Qualche giorno fa le rassicurazioni del ministro Bonisoli che ha fatto anche sapere che «la norma che sta preparando il Ministero del Lavoro ha dentro anche temi relativi al tempo determinato in altri settori». Il decreto 87 del luglio 2018 stabilisce il limite di durata dei contratti di lavoro a tempo determinato a 12 mesi prolungabile a 24 mesi solo, però, in presenza di esigenze produttive temporanee straordinarie e documentabili. «A questo si è aggiunta la sentenza della Corte di giustizia dell’Unione europea che ha reso ulteriormente complicato il ricorso ai contratti a tempo determinato» riflette Chiarot. «Il rischio – aggiunge Ortombina – è quello di esporre la fondazione a contenziosi: la legge così come è formulata ora sembra offrire su un piatto d’argento ai lavoratori la possibilità di fare causa.

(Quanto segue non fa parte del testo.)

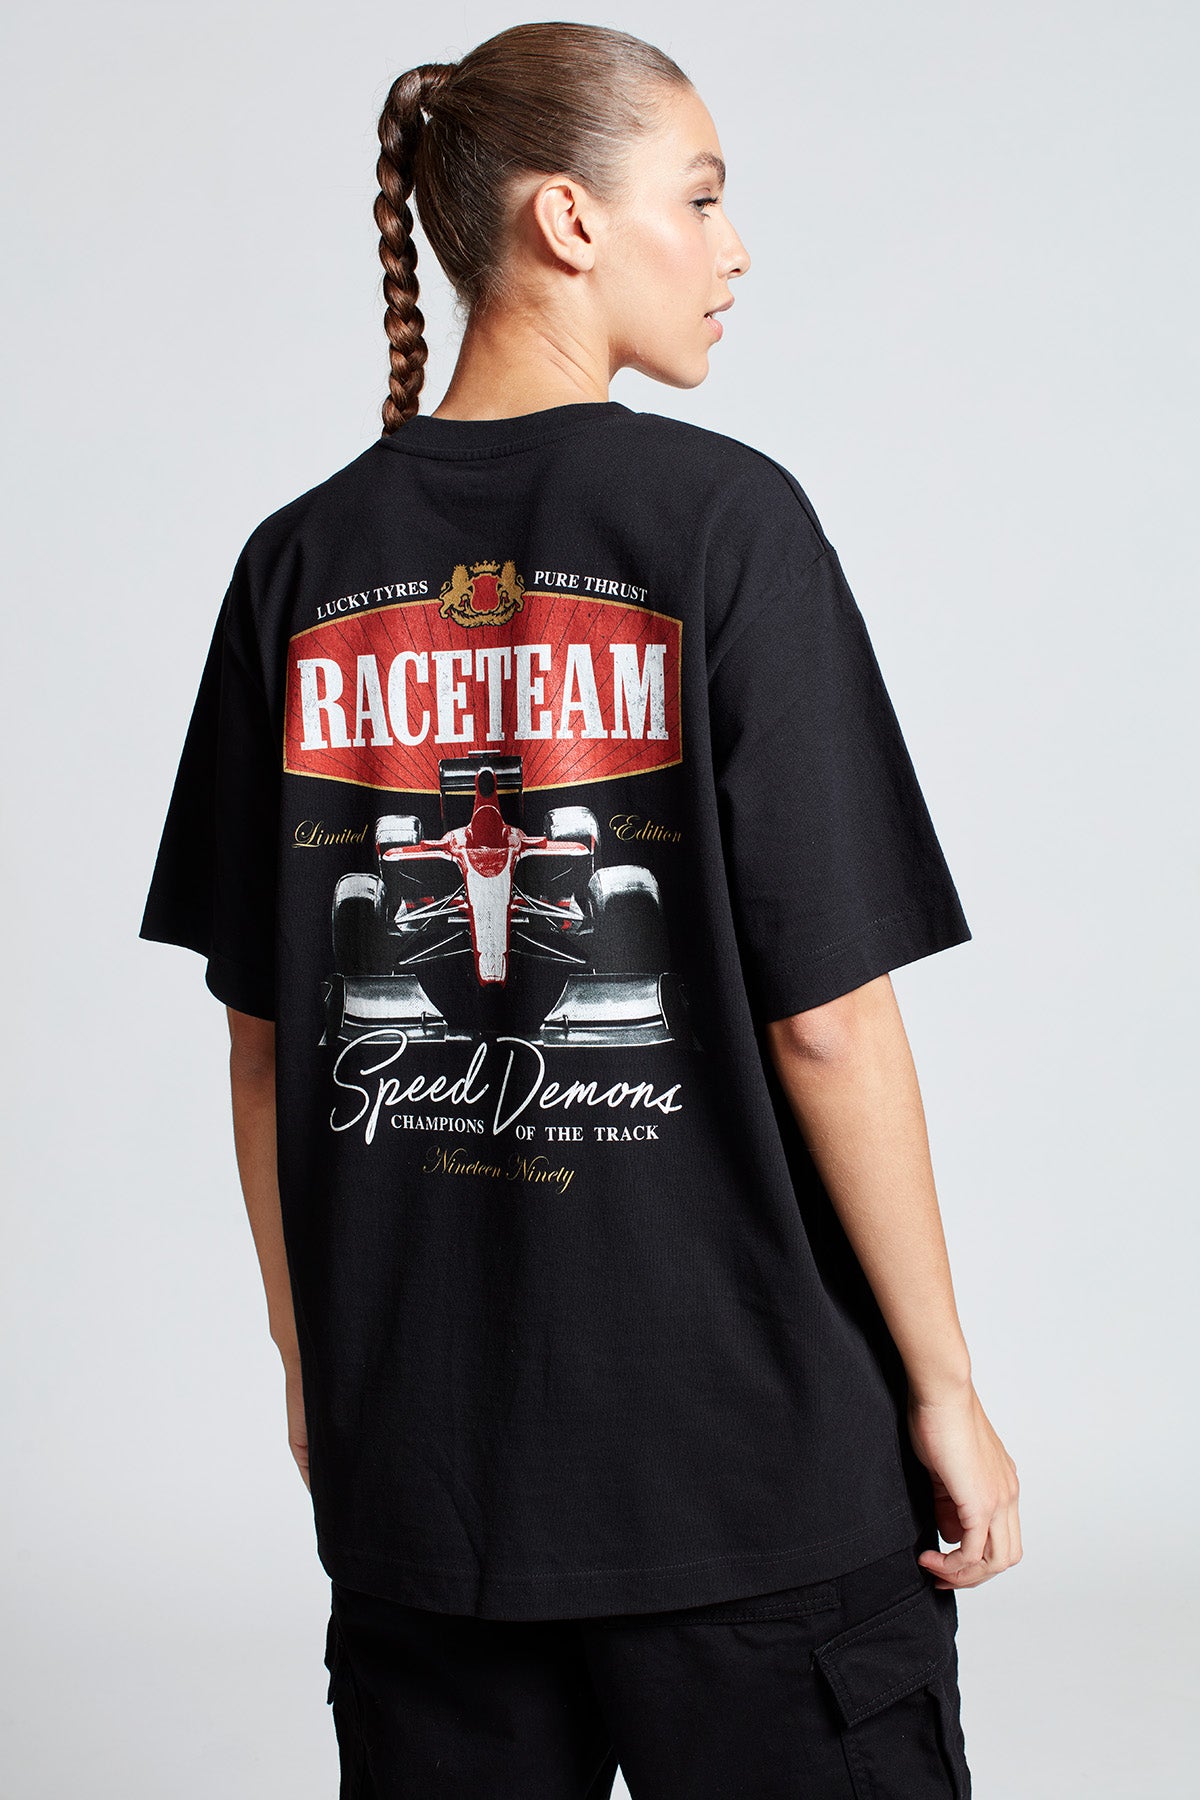 Saturday Society Raceteam T-shirt in Black
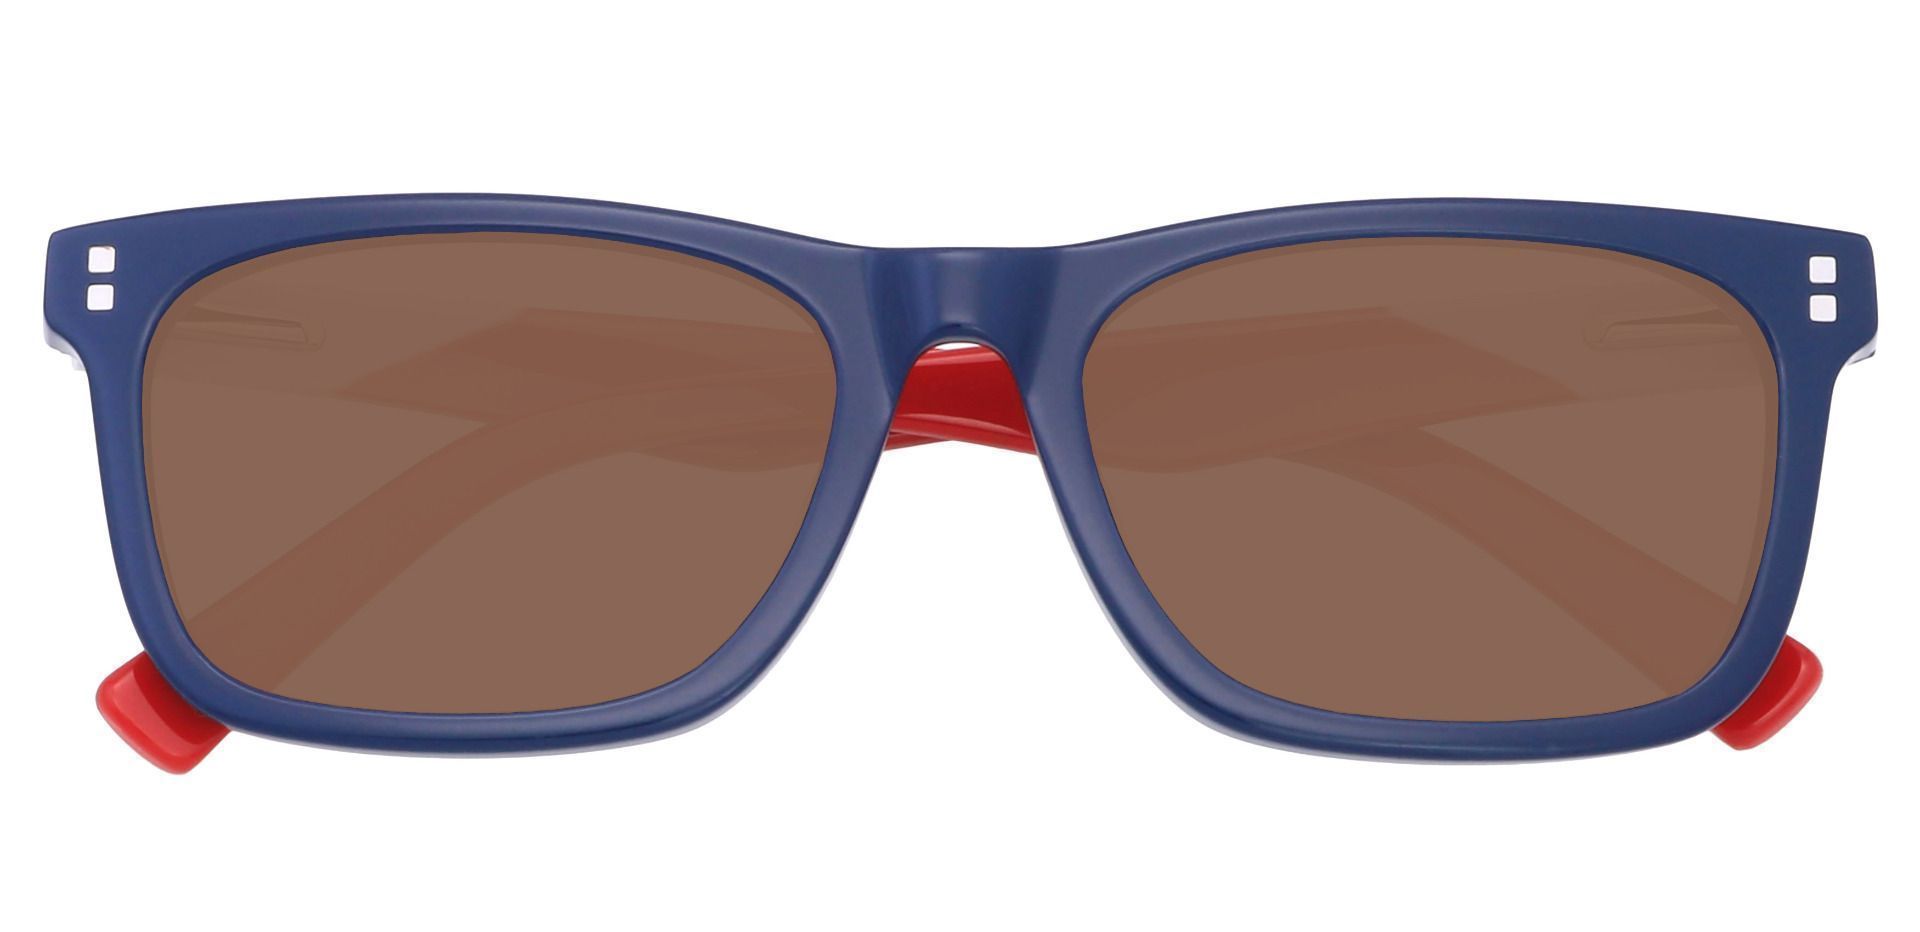 Harbor Rectangle Progressive Sunglasses - Blue Frame With Brown Lenses

La formula del contratto a termine consente di saggiare la qualità di un artista. Inoltre chi diventa stabile in una fondazione dovrebbe farlo tramite concorso pubblico: dire che si devono stabilizzare i lavoratori che vengono richiamati dopo un primo contratto equivale a una sorta di condono, a un indulto» conclude il sovrintendente della Fenice trovando positivo il fatto che questo nodo apra un dibattito sulla situazione dei lavoratori dei teatri lirici.

E accanto a un intervento legislativo le fondazioni chiedono un rilancio di tutto il settore. «La vera spada di Damocle che incombe è l’insieme del debito che supera i 400 milioni di euro. Tale debito, nonostante la legge Bray-Franceschini, non potrà essere estinto a breve» aveva detto Chiarot a novembre in un’audizione sul Fus in commissione Cultura del Senato. E oggi il presidente dell’Anfols chiede che lo Stato non tagli, ma mantenga i contributi del Fondo unico per lo spettacolo «invariati rispetto al 2018» quando nelle casse delle fondazioni lirico-sinfoniche sono arrivati 178.85 milioni di euro. «Il controllo di merito sui bilanci per i tempi di approvazione delle assemblee è sempre complicato – ha ricordato qualche giorno fa il ministro Bonisoli –. Sicuramente dovremo trovare una soluzione all’interno della revisione della normativa contenuta all’interno della delega del Codice dello spettacolo».